Same-store lump at Bon-Ton. Bon-Ton Stores operates 141 department stores across the country but is suffering from the same problems as Ann Taylor and A.C. Moore -- slumping same-store sales.
For the month of September, Bon-Ton reported a 7.8% drop in September same-store sales. That's an awfully big drop in demand.
"Consumer spending was impacted by several issues during September: increased gas prices, hurricanes Katrina and Rita and predictions of higher heating costs."
The list of retailers reporting a drop in same-store sales goes on. Jo-Ann Stores, New York & Co., Stein Mart, and Talbots all admitted to suffering from the same sales slowdown.
I wonder how many of retailers complaining about high energy prices it will take before the Wall Street knuckleheads start taking down their Q4 expectations?
I can't tell you when that will happen, but when it does, you won't want to be holding any retail stocks.
Inflation knows no borders. The U.S. isn't the only country struggling with the inflationary pressures that come with $60 oil.
Jean-Claude Trichet, the president of the European Central Bank, made some very hawkish statements about inflation.

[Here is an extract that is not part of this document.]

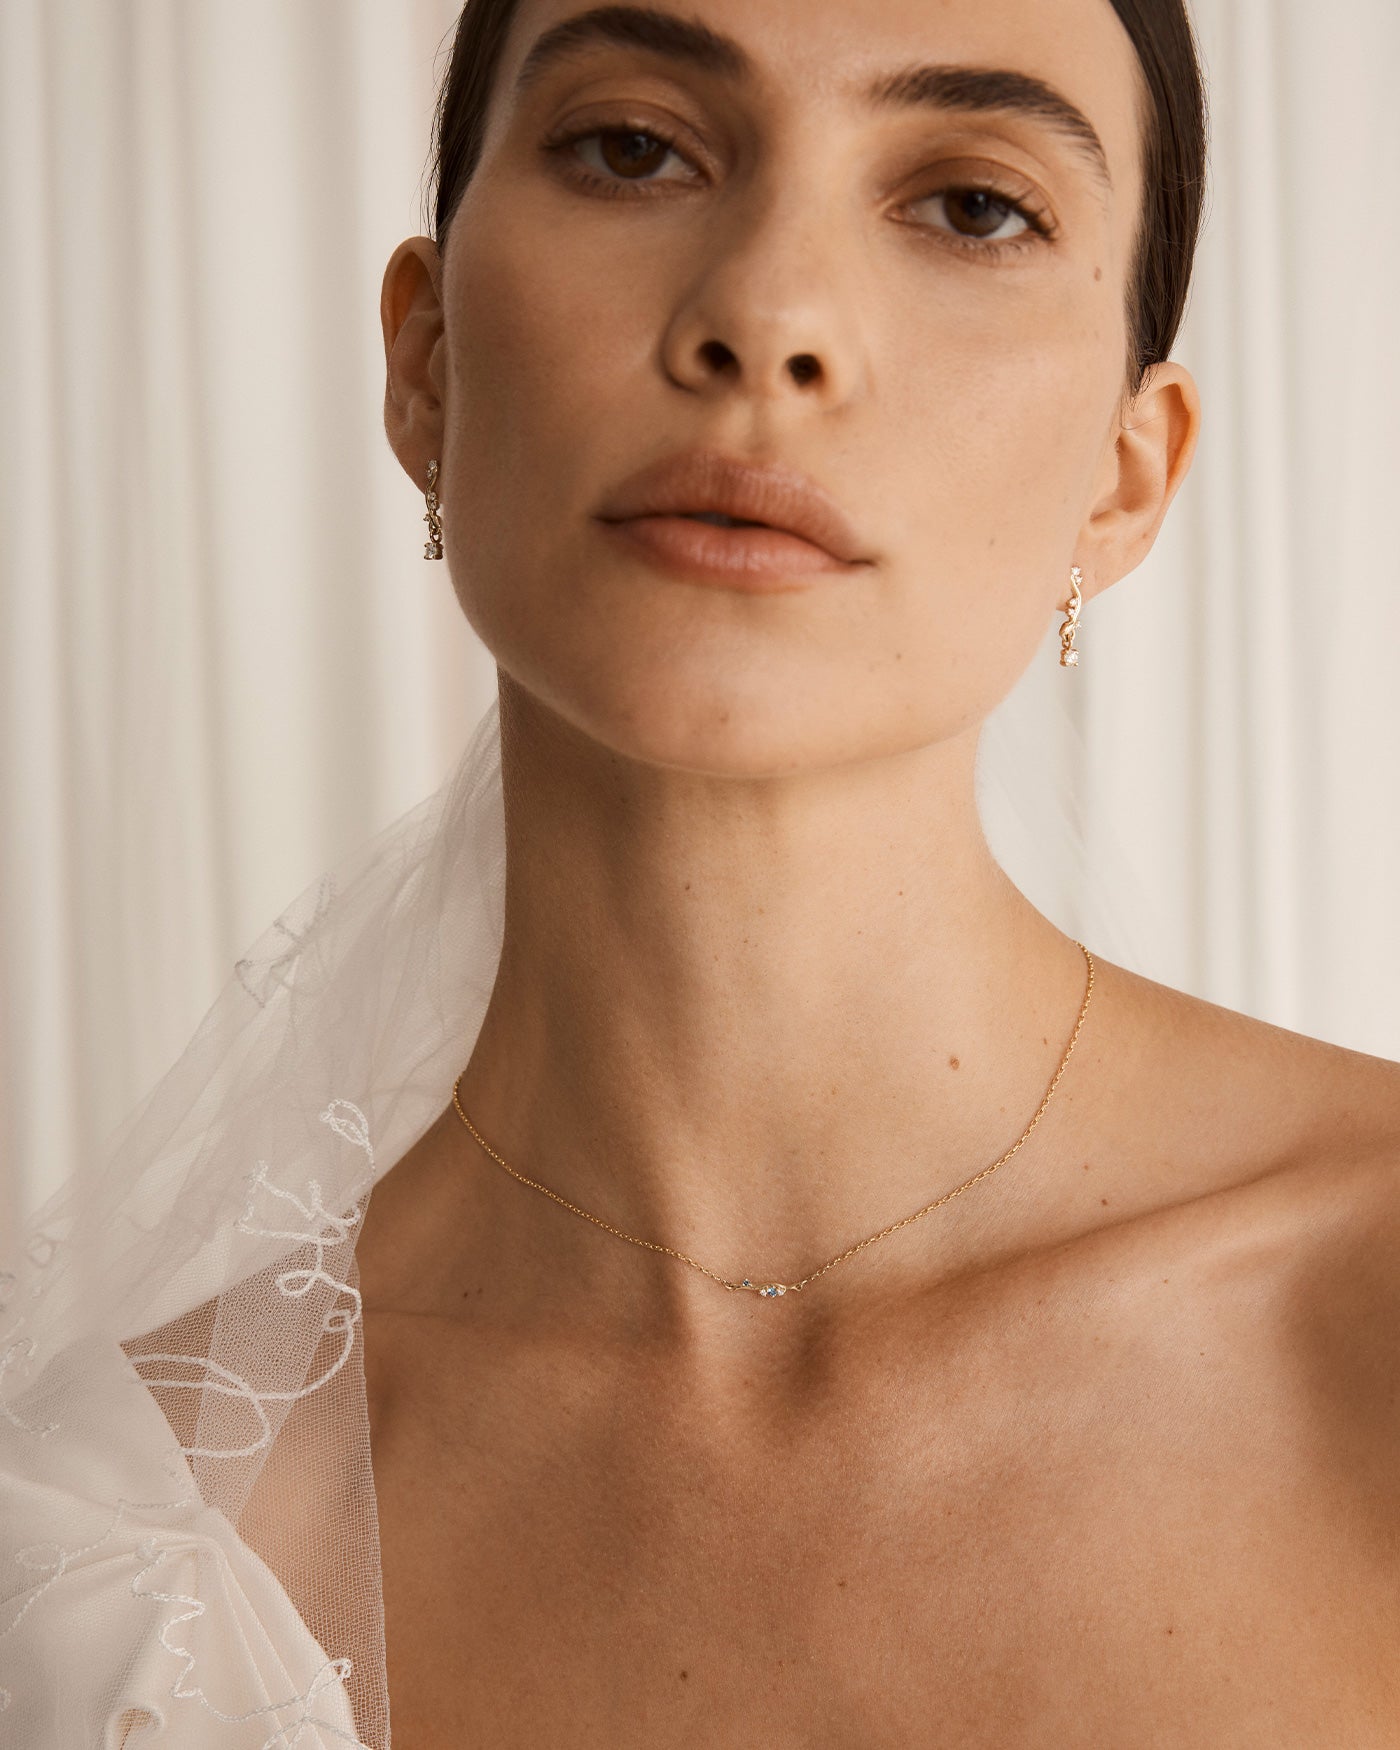 Image of woman wearing a bridal gown and wearing the ember charm necklace with blue sapphires and white diamonds

"Strong vigilance with regard to upside risks to price stability is warranted. It is essential that the increase in the current inflation rate does not translate into higher underlying inflationary pressures in the euro area."
In other words, the ECB is ready and very willing to raise interest rates fast/high enough to keep inflation in check.
It would be a mistake to think rising interest rates in European won't affect you. Increases in foreign interest rates will put pressure on the U.S. dollar -- additional pressure on top of our unmanageable budget and trade deficits.
When foreign investors lose their confidence in dollar-denominated assets...the selling of U.S. stocks and U.S. bonds will be as deadly as a tidal wave.